US global hub for the healthcare industry
Many of BBH’s investee companies are in the US, just because it is the global hub for the industry and the capital used to bankroll nascent technologies.
It eschews the big conglomerates such as the aforementioned GSK,
AZ and Pfizer because of their growth prospects and lack of focus, concentrating on the innovative, fleeter footed small- and mid-caps.
The one thing the latter grouping doesn’t traditionally provide is steady dividend.
BBH aims to correct that by making a payout from the company’s net asset value (NAV), which on current calculations, should generate a yield of a 3.5%.
It will be a progressive dividend if the trust can emulate the success of the Bellevue-run BB Biotech.
So that marks it out in the sector, as does a mechanism called a redemption option under which BBH can efficiently return capital to investors if they desire it.
There are a number of advantages to operating this system. It means small investors aren’t at the mercy of the market-makers and their often bafflingly wide spreads.
The redemption option also works well for the big, institutional investors, offering the chance to get into the stock in scale and exit without being murdered.

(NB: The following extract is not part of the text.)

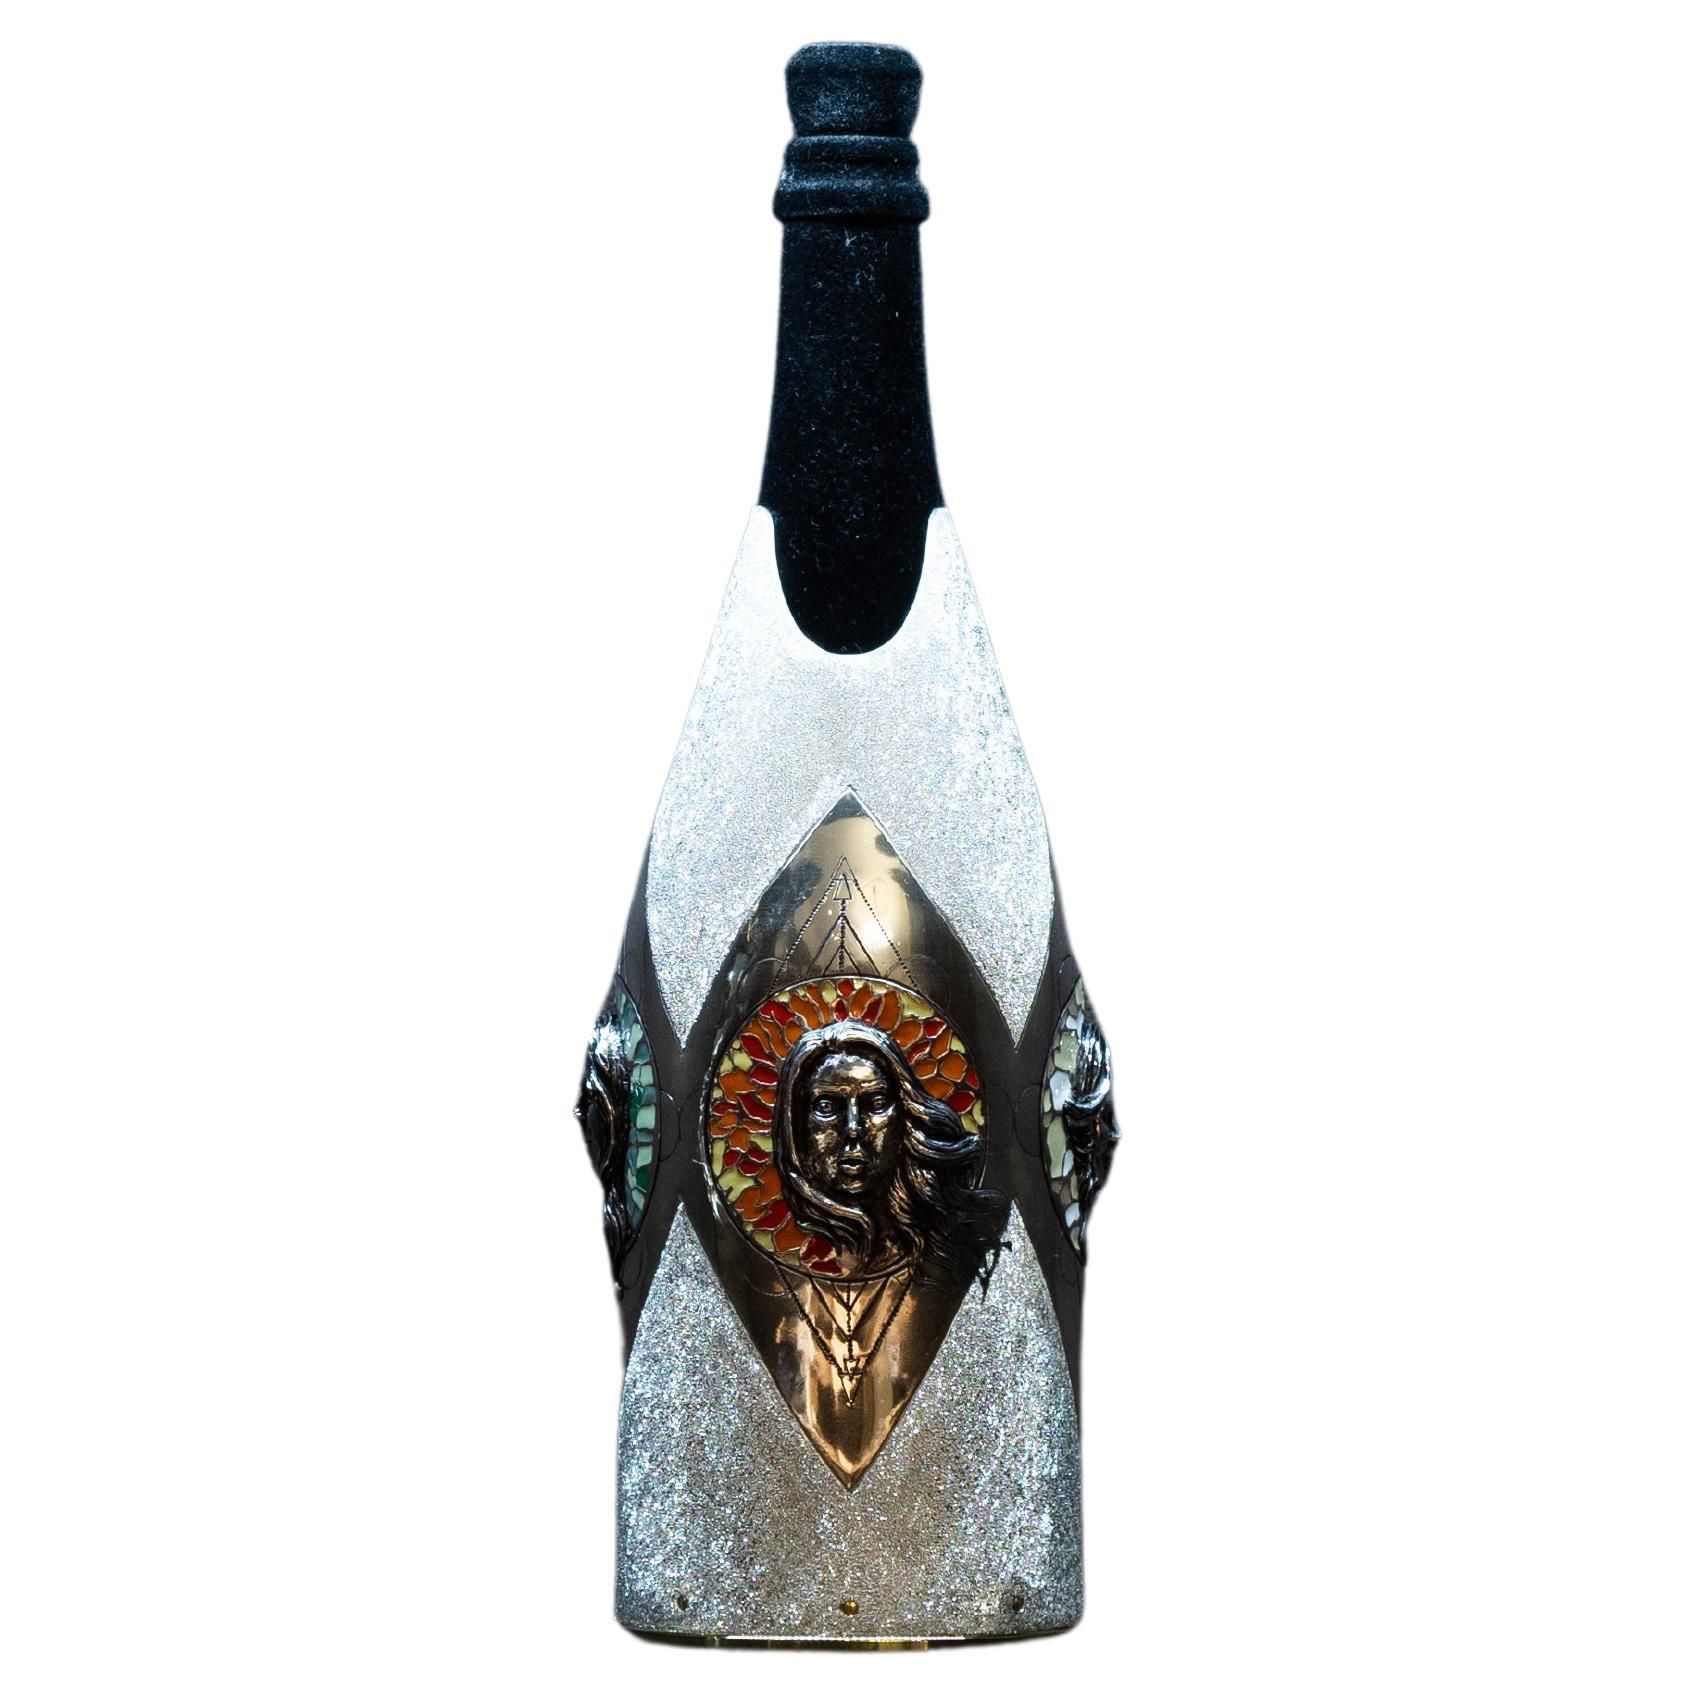 K-Over Alchimia per bottiglie di Champagne è un'opera interamente realizzata a mano in argento massiccio 999% e fa parte della nostra collezione Works of Art. L'idea dell'artista è quella di rappresentare i quattro elementi che secondo l'antica

A trendsetter in the world of healthcare
In other words it promotes liquidity. And while BBH isn’t the first to offer this entry and exit, it is a trendsetter in the world of healthcare.
The shares, priced at 100p each when they debuted on December 2, valuing the company at £150mln, are now changing hands for 112p.
Major will be hoping BBH can build on that momentum to emulate BB Biotech, it’s big sister, worth £2.4bn, which is quoted in Switzerland.
There is no doubt in Major’s mind that the fundamentals are there to make the trust a winner.
"What I think we have done is constructed something that is best in class in terms of how it’s run and managed and gives the opportunity to get yield from quality healthcare assets."